Gottfried III, Count of Sponheim (born before 1183, probably in 1175; died 1218) was a German nobleman. He succeeded his father Gottfried II as Count of Sponheim.

==Life==
In 1202 he married Adelheid von Sayn (died 1263), one of the two sisters and heirs of Henry III, the last count of Sayn. They had issue:
- John I, Count of Sponheim, founder of the Starkenburg line (Hintere Grafschaft) and von Sayn's heir
- Henry I, Lord of Heinsberg, founder of the Sponheim-Heinsberg line
- Simon I, Count of Sponheim, founder of the Kreuznach line (Vordere Grafschaft)
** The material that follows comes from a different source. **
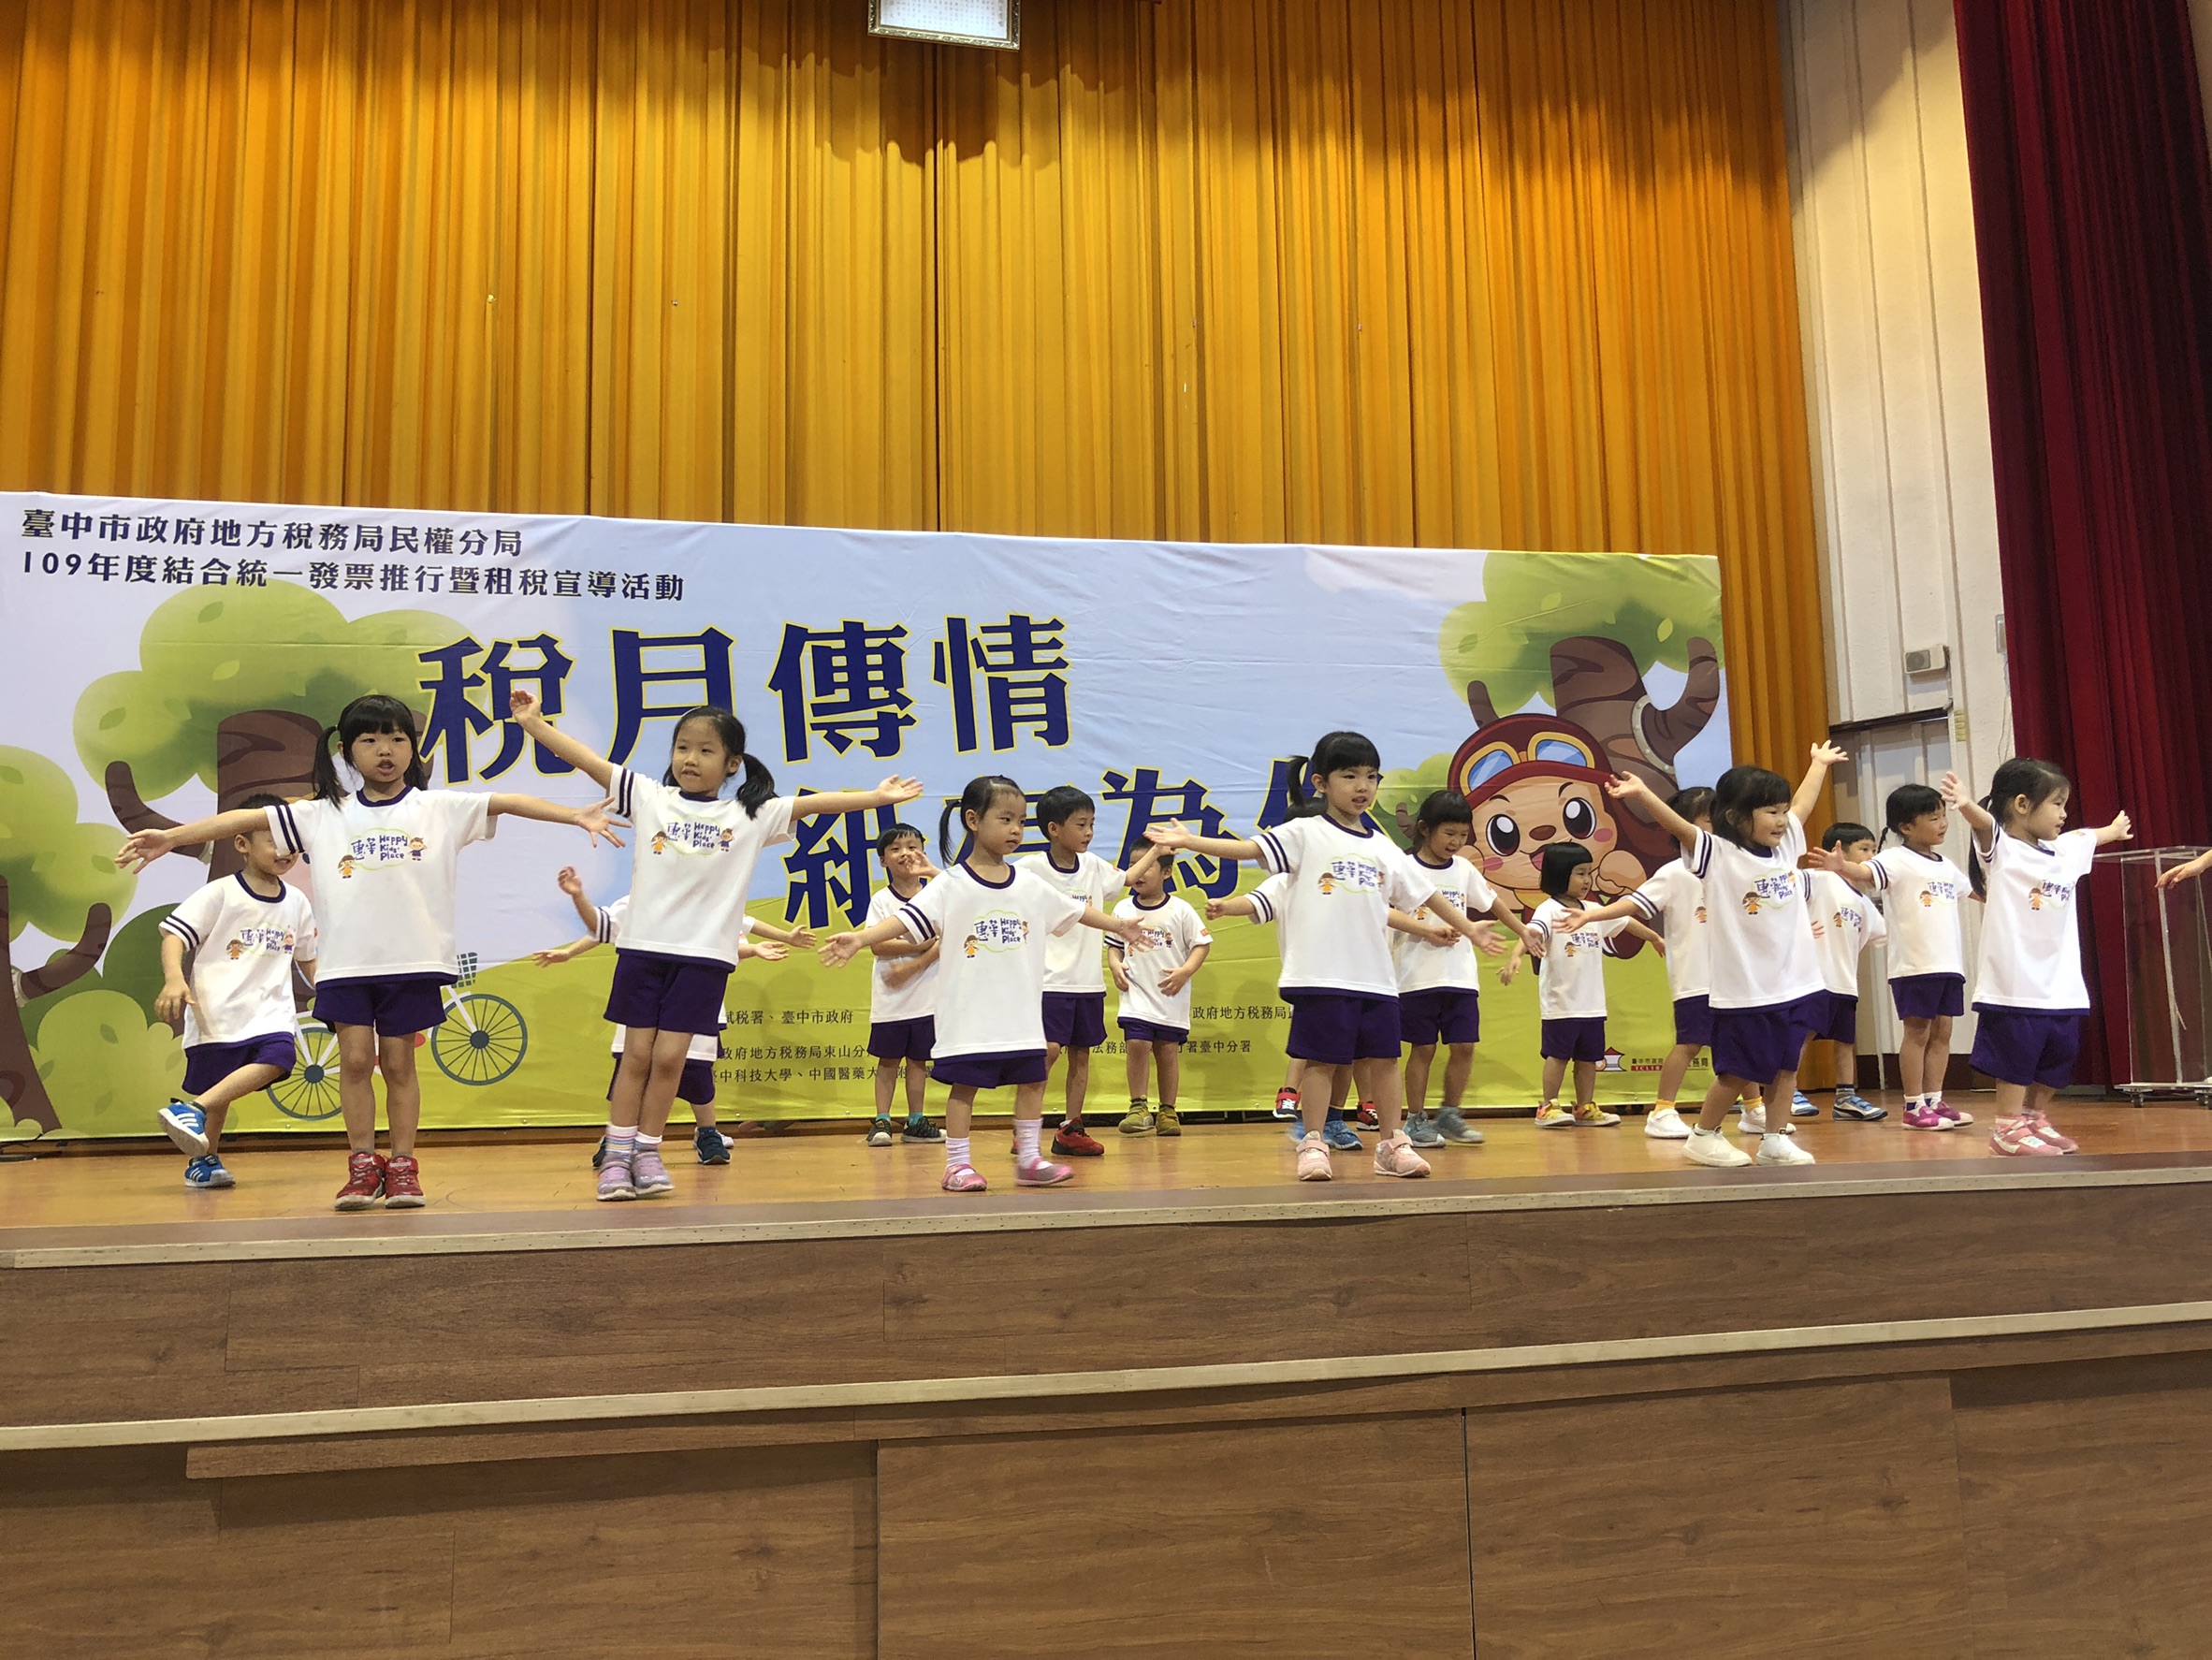 惠華幼兒園帶來的開場舞蹈「勇氣百分百」，小朋友賣力跳舞，可愛模樣炒熱現場氣氛!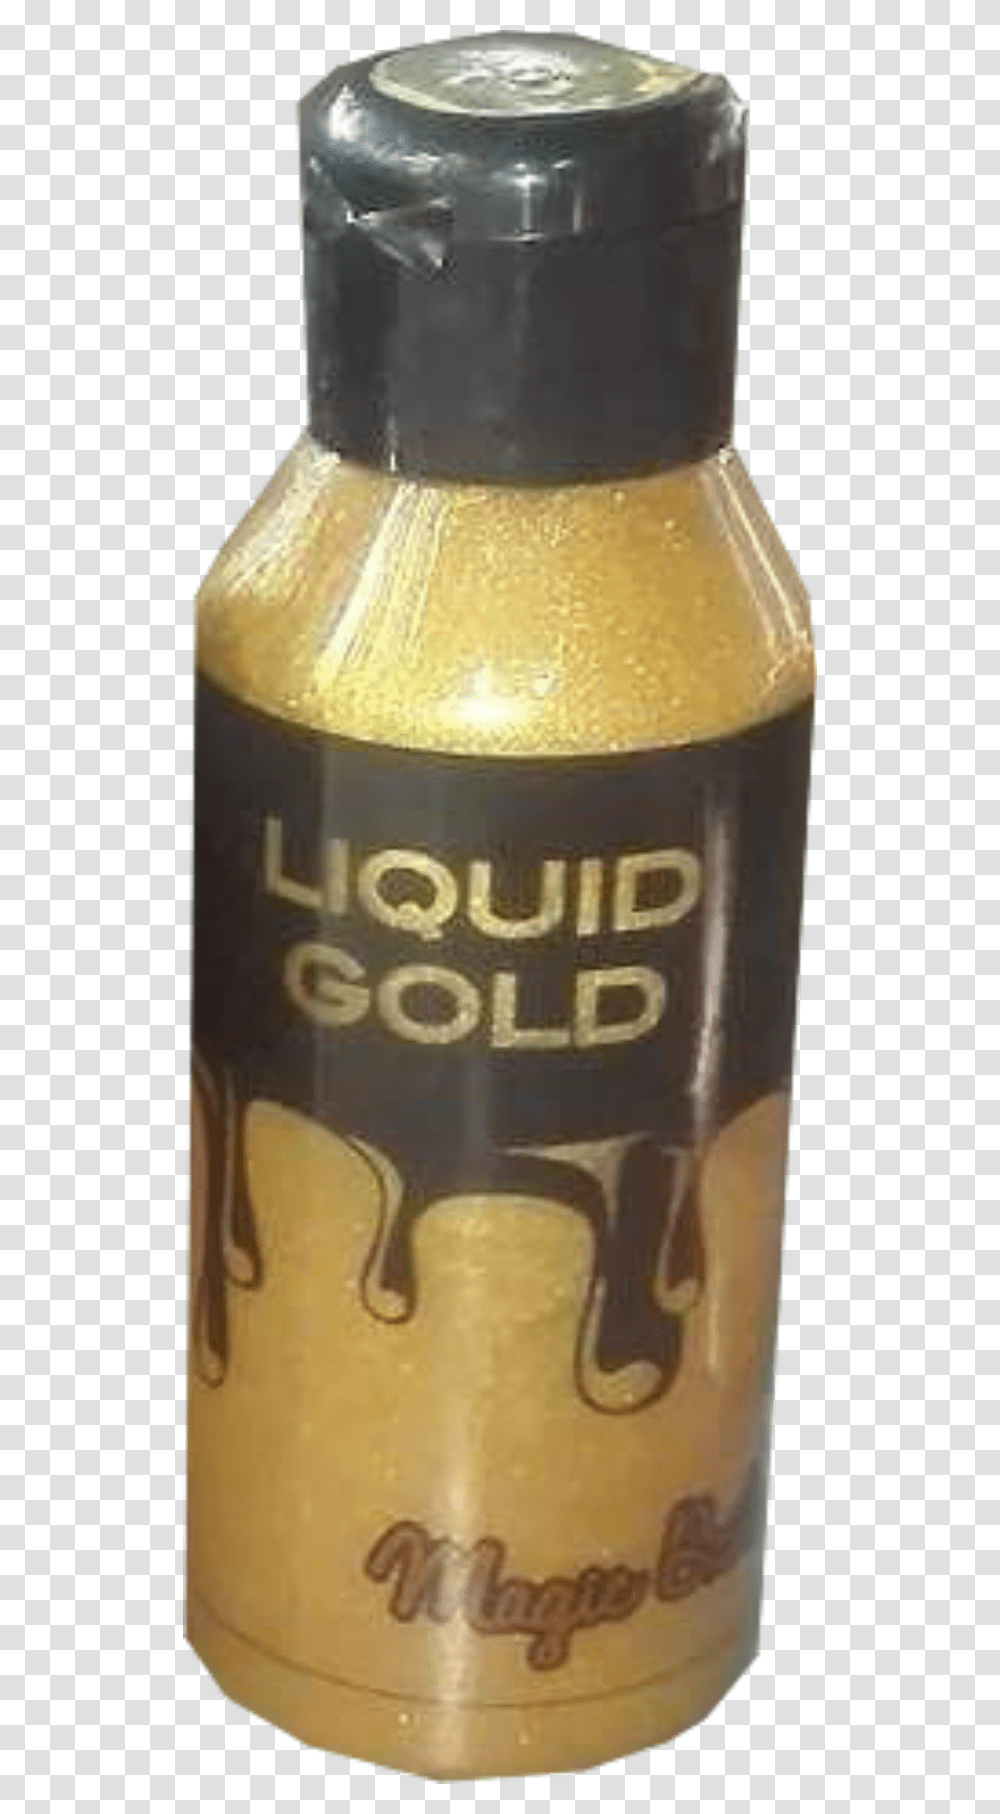 Liquid Gold Glass Bottle, Beverage, Alcohol, Food, Shaker Transparent Png

- Gottfried, priest at St George's, Cologne and St Cassius' Church, Bonn
- Walram, canon in Cologne

After Henry III's death in 1246/47 parts of Sayn fell to Gottfried's son John I, the founder of the Sponheim-Starkenburg line. Gottfried built the Kauzenburg at Kreuznach and thus came into conflict with the Bishopric of Speyer. In 1218 Gottfried joined the Fifth Crusade, in which he lost his life. His widow Adelheid remarried to Eberhard IV of Eberstein, owner of the lordship of Stauf and brother of Conrad of Eberstein, bishop of Speyer (died 1245).